Commercial Technology Contracts and Ireland


Ireland has established itself as a global technology hub attracting international ICT companies to establish EU headquarters here and serves as a gateway for businesses seeking to access the EU market.  From this legacy of tech in Ireland, Irish legal professionals have built up a wealth of experience advising on commercial technology contracts and are well placed to expand this expertise post-Brexit. 

Why choose Irish Law and Irish lawyers for Commercial Technology Contracts?

The strengths of Irish law and the Irish legal system in relation to commercial technology contracts include:

  • Common Law legal system:  Ireland is a common law jurisdiction similar to England and Wales, North America, and Commonwealth jurisdictions. Ireland is the only fully common law jurisdiction in the EU.  This makes Irish law and the Irish courts an attractive alternative to technology contract currently governed by the laws of England and Wales, and subject to the jurisdiction of the English courts.  Companies will be able to retain the flexibility and reliability of the common law – but in a jurisdiction which is still also within the EU legal framework.

  • Deep talent pool and sectoral knowledge: Ireland has established itself at the heart of the global technology industry in for many years.  A report released in 2019 highlighted that in 2017 Ireland was the number one location for US technology investment with $54 Billion invested by American technology businesses alone.  Irish Solicitors, Barristers and other legal professionals have built up extensive experience advising companies established in Ireland on commercial technology contracts, creating a deep talent pool of advisors.

  • Effective Dispute Resolution system: The commercial list of the High Court in Dublin is an efficient and effective venue for parties to resolve complex commercial disputes between businesses (where the value of the claim is at least €1 million).  The court’s judges have extensive experience in commercial litigation and have flexibility in how they manage cases, resulting in shorter time frames for resolving disputes than other avenues of dispute resolution in Ireland. This is a key consideration for high value commercial technology contracts, where a speedy resolution will often be vital for contracting parties’ commercial concerns. Ireland also possesses a deep pool of experienced mediators and arbitrators to draw from for Alternative Dispute Resolution.

  • English speaking:  As an English speaking country, Ireland is very accessible to English speaking clients, lawyers and other professionals accustomed to working through the English language.  Documents governed by Irish law will be drafted in English and if there is a dispute, court proceedings will be conducted in English.

  • EU Membership: The Irish public remain overwhelmingly supportive of membership of the EU, making the country a stable gateway and base to access a market of over 500 million consumers for companies into the future.

  • Data Protection:  Data Protection has become one of the more heavily considered and negotiated aspects of commercial technology contracts.  Ireland is a centre point of data protection law and policy in Europe, and our Data Protection Commissioner internationally respected.  As the centre point of EU regulation for the world’s largest technology companies, Irish data protection legal practitioners offer world class experience in advising on the most complex data protection matters that exist today.  

How will BREXIT impact Commercial Technology Contracts?

  • Different Governing Law and Jurisdiction: The UK’s decision to leave the EU is likely to cause parties to multi-jurisdictional contracts to consider departing from English governing law, which has long been seen as a well-recognised and respected option.

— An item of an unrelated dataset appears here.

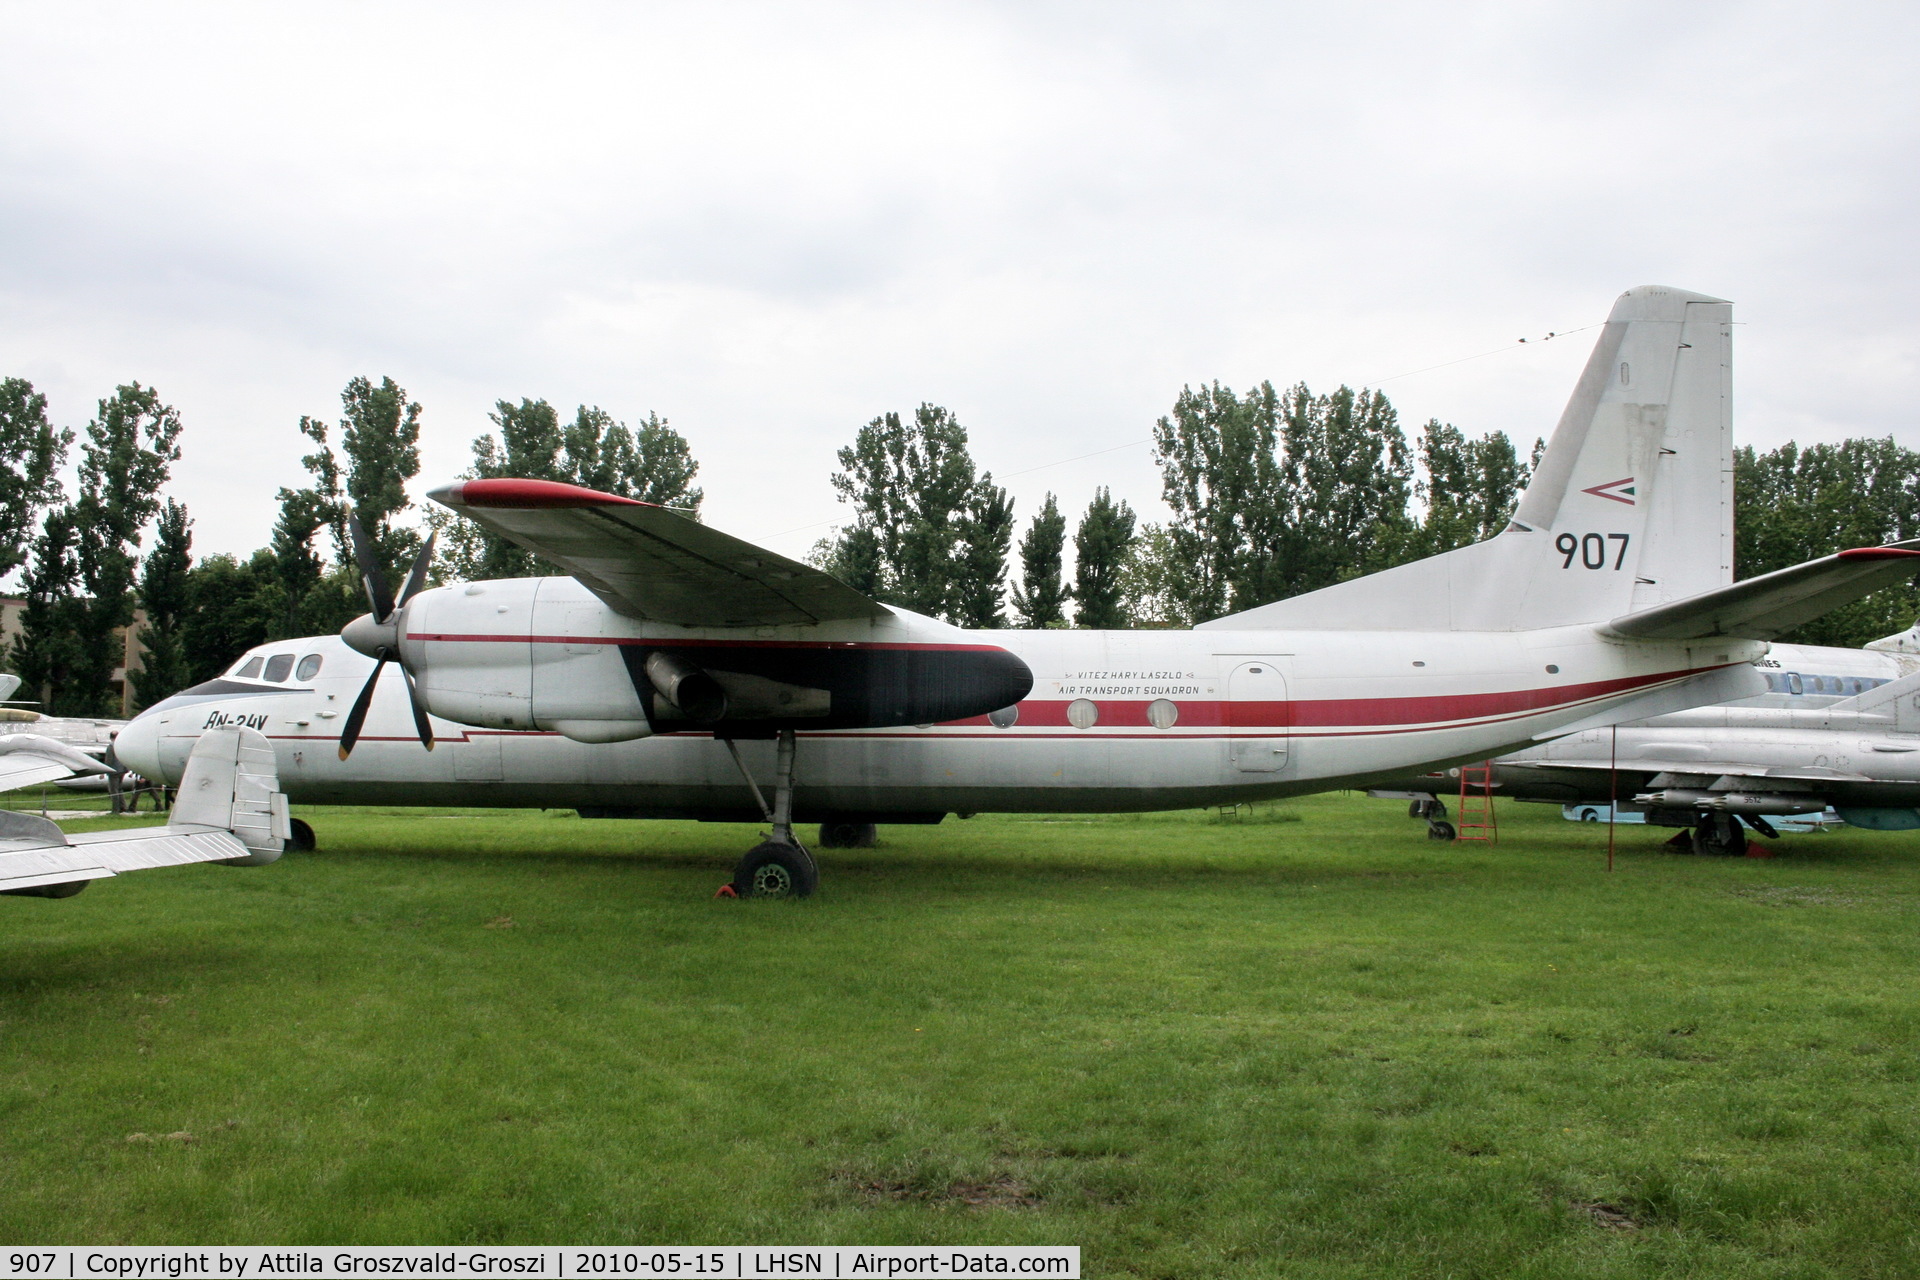 907, 1967 Antonov An-24V C/N 77303907, Szolnok-Szandaszölös airplane museum.

Following the UK’s departure from the EU, Ireland will be the only member of the EU that operates a court system that is both English speaking and based on the common law principles.

  • Commercial arrangements:  Depending on the trade deal negotiated between the UK and the EU, there may be material restrictions to the free movement of goods or persons (which can impact on service levels and/or delivery times) and also issues such as currency fluctuations beyond a certain identified threshold.  Increases in the costs of doing business may prompt companies to re-negotiate or re-structure (or be forced to terminate) their existing commercial technology contracts.   

  • Data Protection: The Withdrawal Agreement between the EU and UK states that the UK will be treated as an EU Member State while the trade deal is negotiated.  This means that the GDPR will apply in the normal way during the transition period.  The EU and UK also intend to agree on an adequacy decision by the end of the transition period.  However, there is no guarantee that (1) a trade deal will be agreed in this period; or (2) an adequacy decision being made in this period.  In either of these scenarios, commercial technology contracts dealing with data transfers between the EU and UK will have to adapt in order to comply with the GDPR. This is in addition to the wider issues related to complying with dual regulatory regimes.   

  • Dispute Resolution: The enforceability of judgments stemming from contractual disputes may be thrown into question post Brexit. The various conventions governing cross border enforcement remains an area of doubt as to how it will operate following Brexit.  This could result in key enforcement mechanisms for dealing with commercial technology contractual disputes such as freezing orders which can be key dispute resolution mechanisms being in doubt in cross jurisdictional situations.

  • Dual legal regimes: As UK and Irish laws diverge, commercial technology contracts will have to address legal issues that were previously aligned in each jurisdiction. For example, UK and Irish competition law, or consumer law, often key terms of commercial technology contracts, may become subject to diverging regimes. The legal implications of which will have to be dealt with when entering into commercial contracts with a cross border element.